Part of that ugliness is the fact that tenants are trying to get concessions and rent breaks in this environment. “The pressure on rents is intense,” Hankowsky said. “Every deal is a fight.”

The area where Liberty, the owner of 77 million square feet of office and industrial, is seeing its toughest occupancy challenges is in the big box industrial sector, with single-use buildings more than 500,000 square feet that are normally housed by retailers or consumer-products companies. “These guys, fundamentally, are almost extinct in the market,” Hankowsky said. Liberty’s overall occupancy came in at 89.4%, down from 90.1% during the prior-year period.

There is some good news, though.
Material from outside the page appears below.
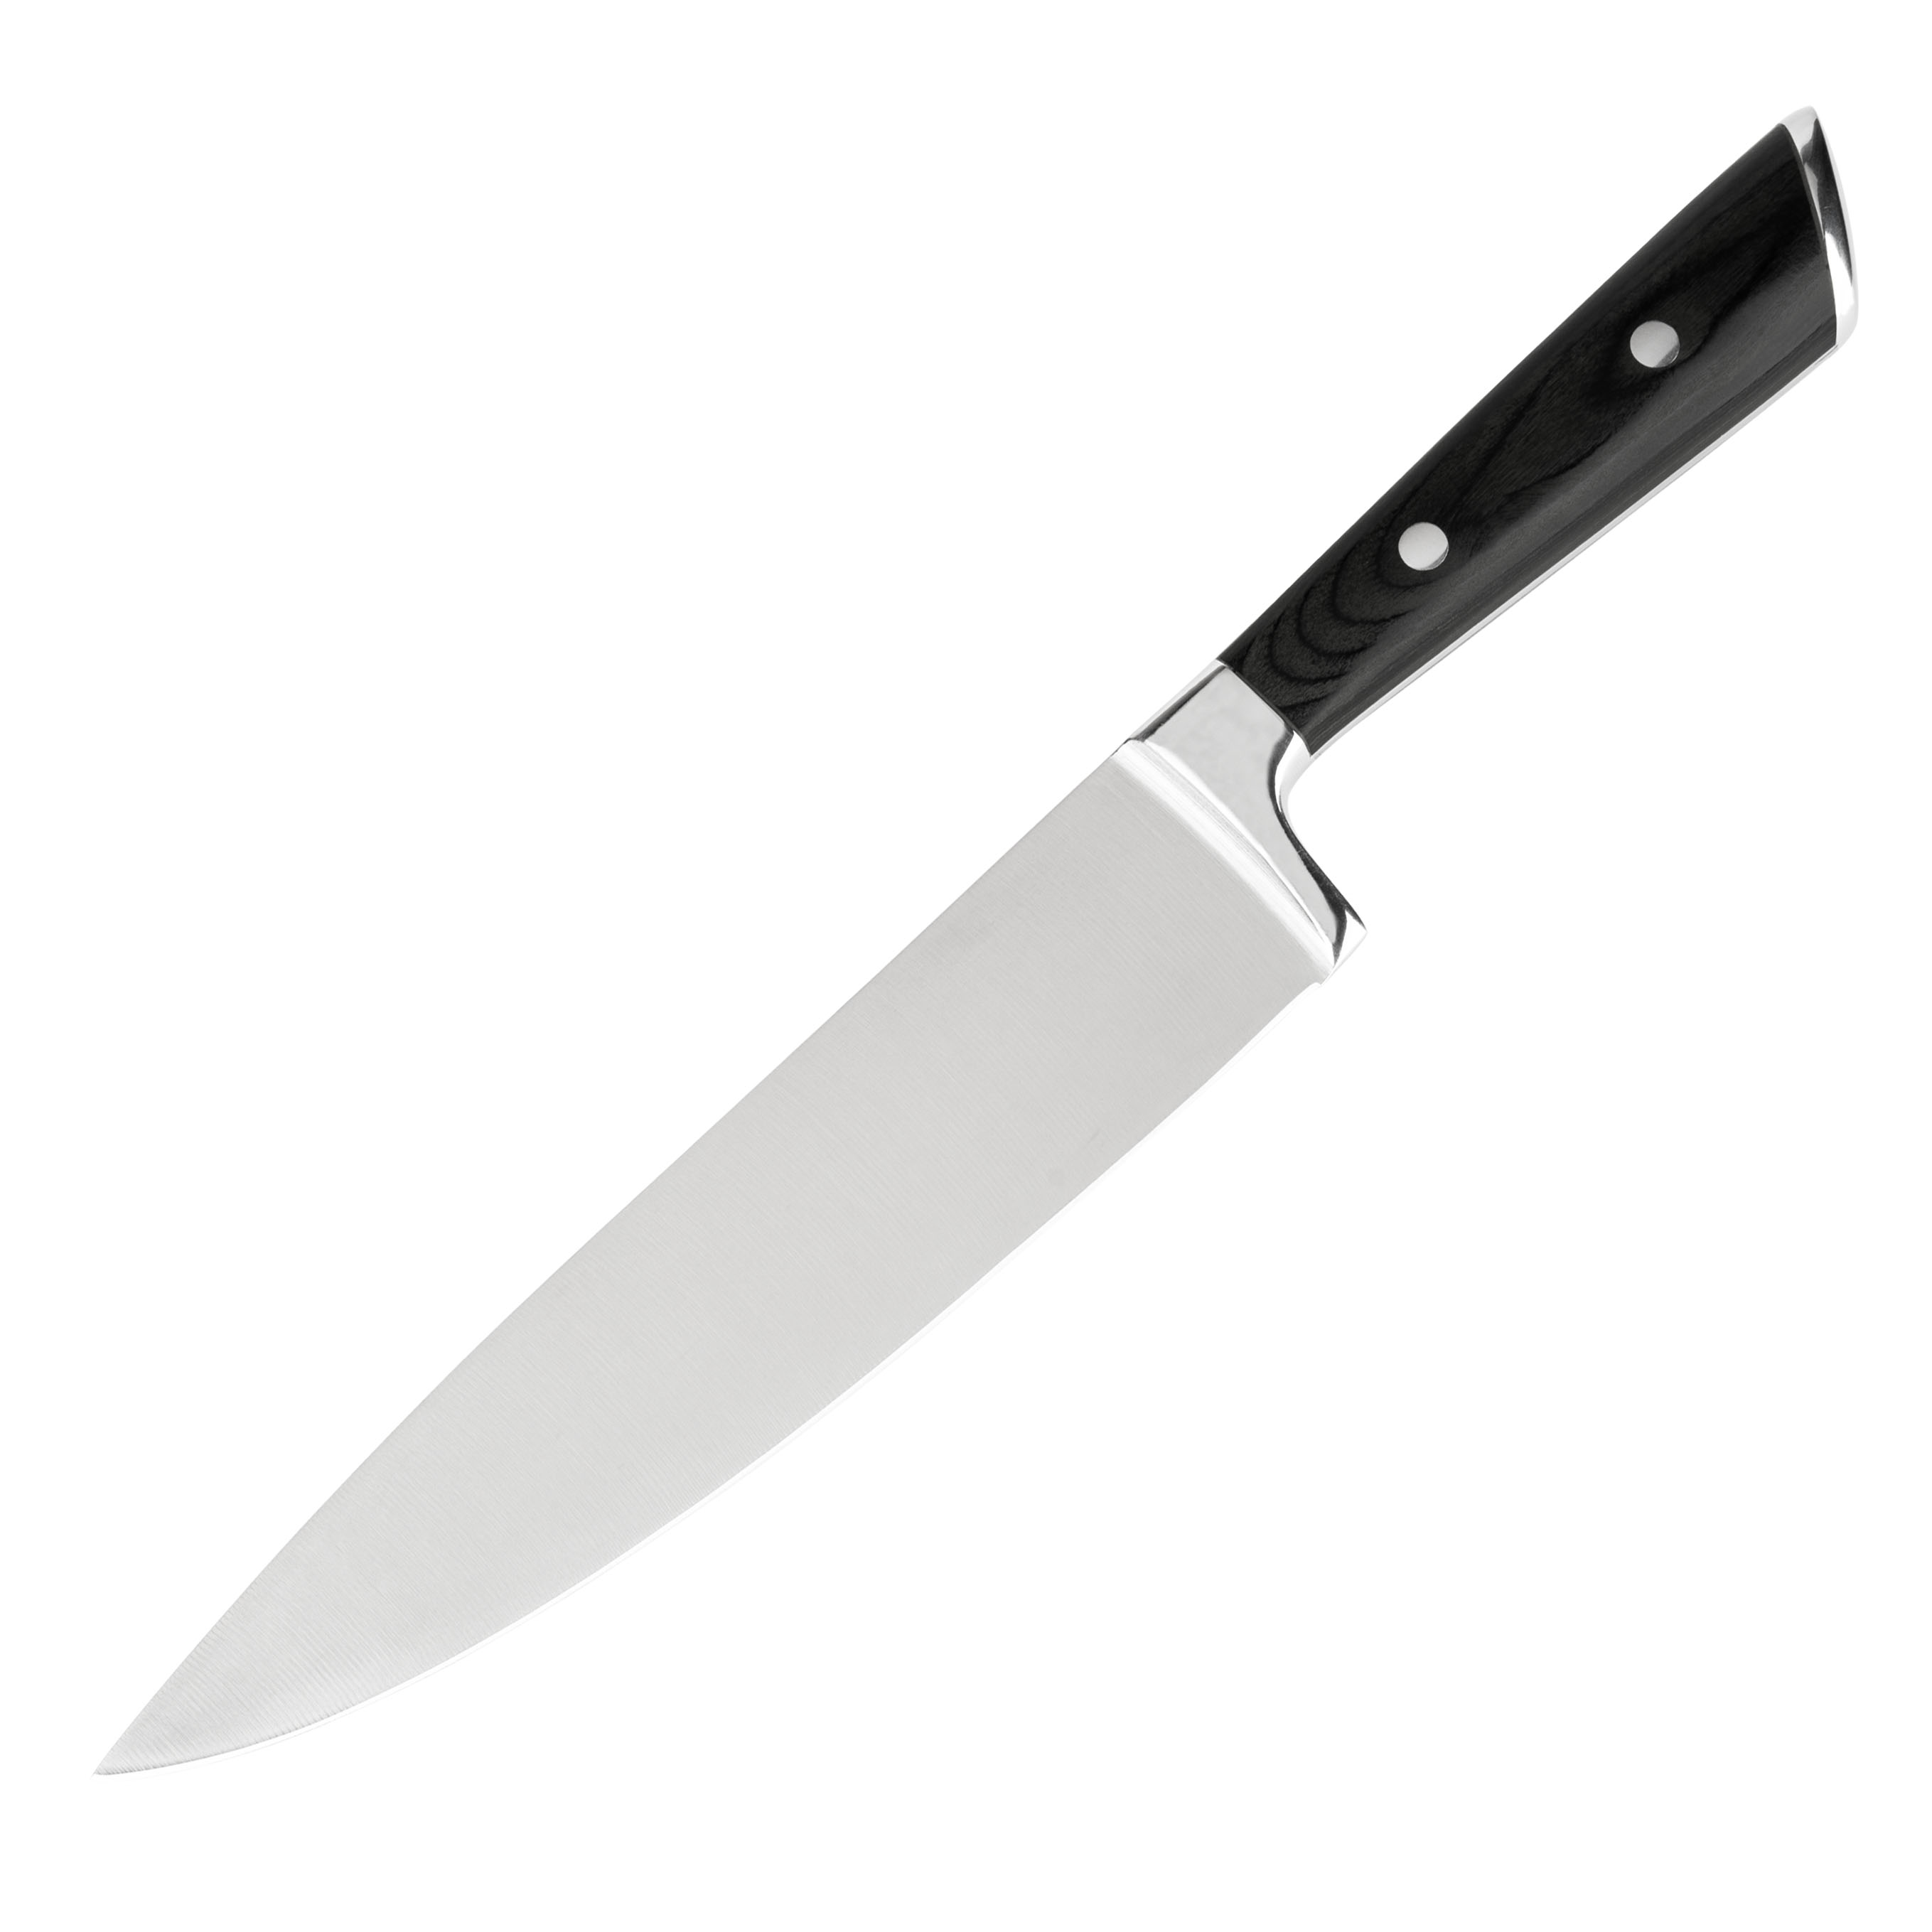 8" Pakkawood Chef Knife

On the plus side, tenant distress is down, Liberty executives said, and a lot of subleasing activity is taking place in the portfolio.

Additionally, Liberty was able to raise cash during the quarter. The company sold $35 million of assets in the second quarter and $11 million since then, bringing it to about $91 million for the year on the way to its goal of $160 million in all of 2009. Through asset and stock sales, Liberty so far has raised $660 million this year.

Despite some distressed properties coming on the market, Liberty executives aren’t planning any acquisitions this year. But that could change depending on the environment. “We anticipate there might well be opportunities,” said Hankowsky.

Liberty’s earnings per share came in at 35 cents during the second quarter, up from 34 cents during the same year-ago period. FFO per share was at 72 cents, down from 80 cents.